McGinnis: Some lesser known facts about pumpkins
Published 5:10 am Sunday, October 27, 2024
- Lynn McGinnis
In the United States, pumpkins go hand in hand with the fall holidays of Halloween and Thanksgiving.
Harvested in October, this nutritious and versatile orange fruit features flowers, seeds and flesh that are edible and rich in vitamins. Pumpkin is used to make soups, desserts and breads, and many Americans include pumpkin pie in their Thanksgiving meals.
Pumpkins with ghoulish faces and illuminated by candles are a sure sign of the Halloween season.
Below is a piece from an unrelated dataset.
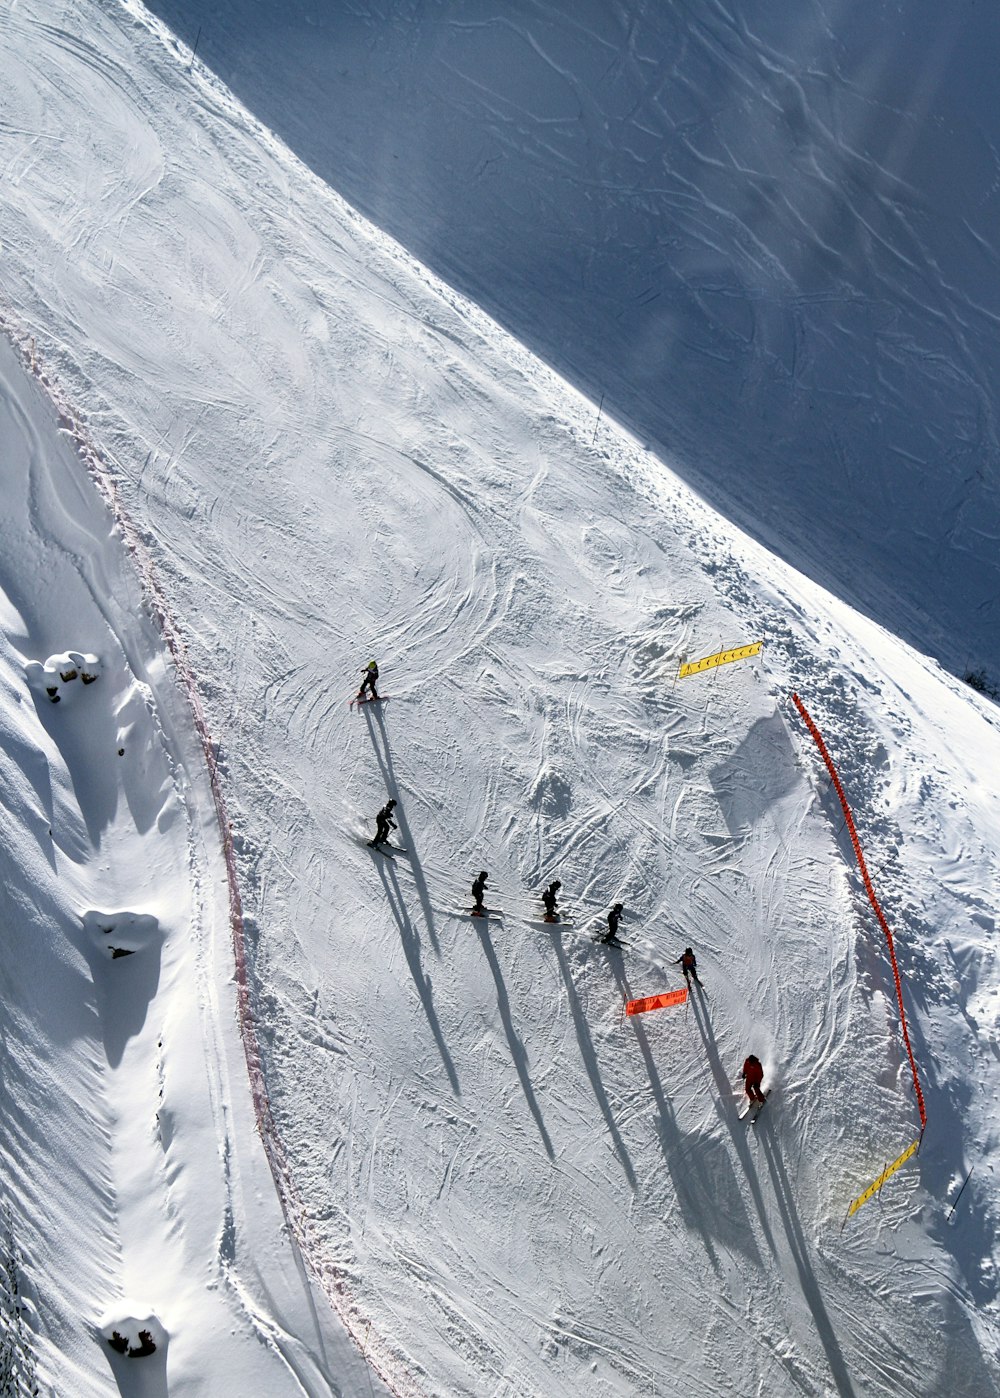 Vista superior de personas patinando sobre la nieve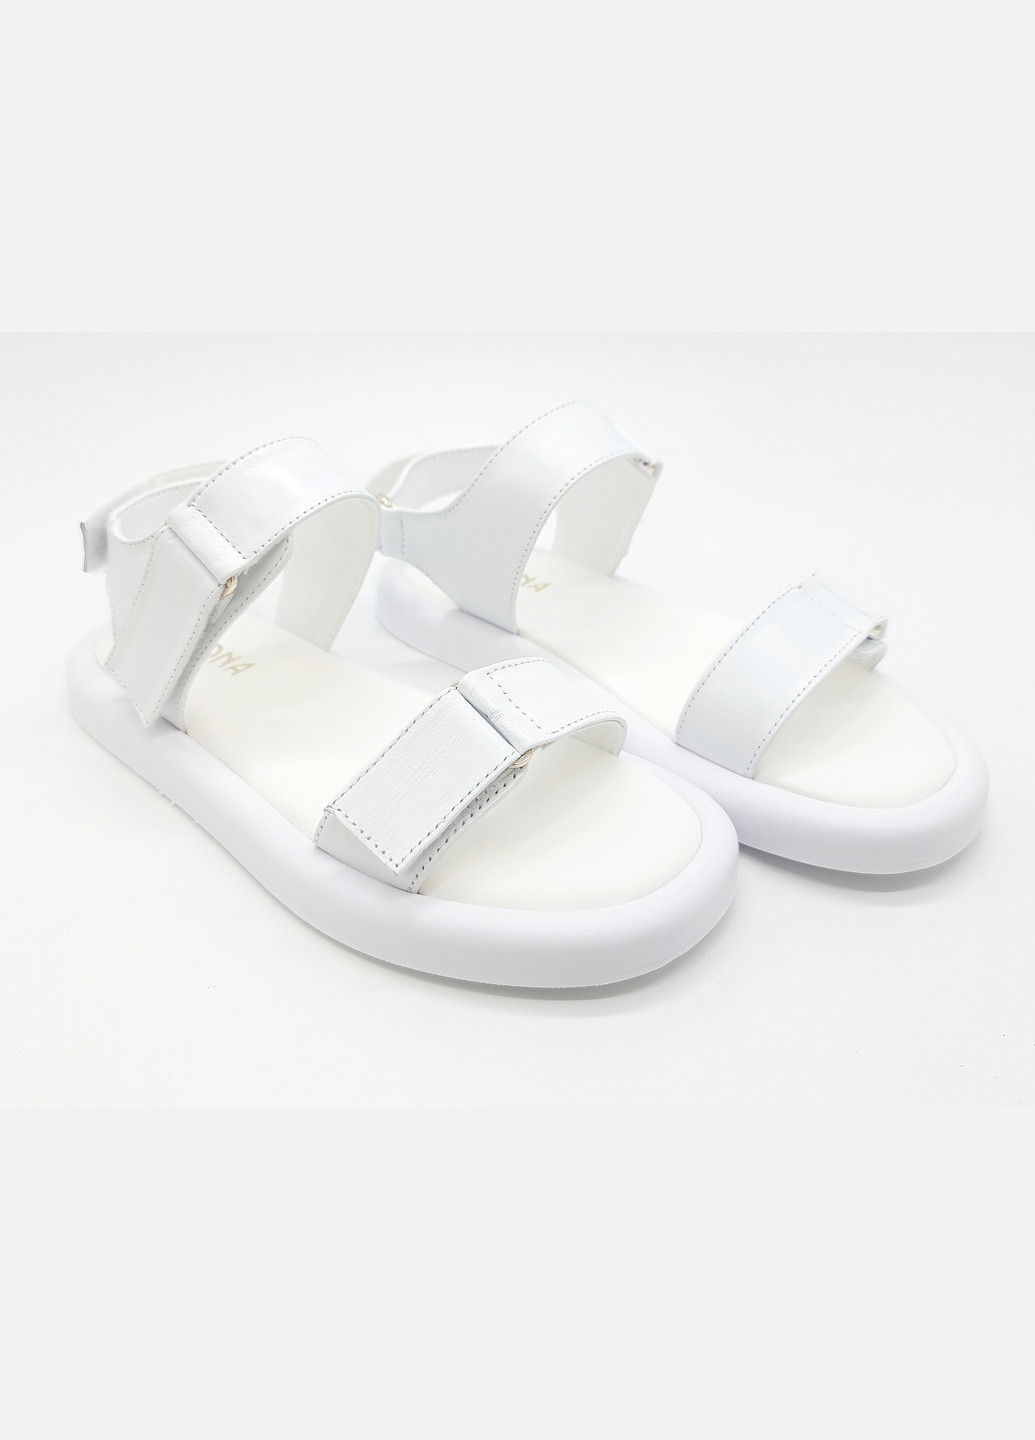 Белые босоножки женские белые кожаные te-18-15 24,5 см (р) Teona

Carving pumpkins into jack-o’-lanterns is a popular Halloween tradition that originated hundreds of years ago in Ireland.
Back then, however, jack-o’-lanterns were made out of turnips or potatoes; it wasn’t until Irish immigrants arrived in America and discovered the pumpkin that a new Halloween ritual was born.
Now pumpkins are commonly placed on stoops in the falls months and get carved ahead of Halloween night.
Here are a few things you may not know about them:
Pumpkins are a member of the gourd family, which includes cucumbers, honeydew melons, cantaloupe, watermelons and zucchini. These plants are native to Central America and Mexico, but now grow on six continents — all but Antarctica.
Indigenous North Americans have grown pumpkins for thousands of years — even before the cultivation of beans and corn.
In 1584, after French explorer Jacques Cartier explored the St. Lawrence region of North America, he reported finding “gros melons.” The name was translated into English as “pompions,” which has since evolved into the modern “pumpkin.”
Pumpkin seeds should be planted between the last week of May and the middle of June. They take between 90 and 120 days to grow and are picked in October when they are bright orange in color. Their seeds can be saved to grow new pumpkins the next year.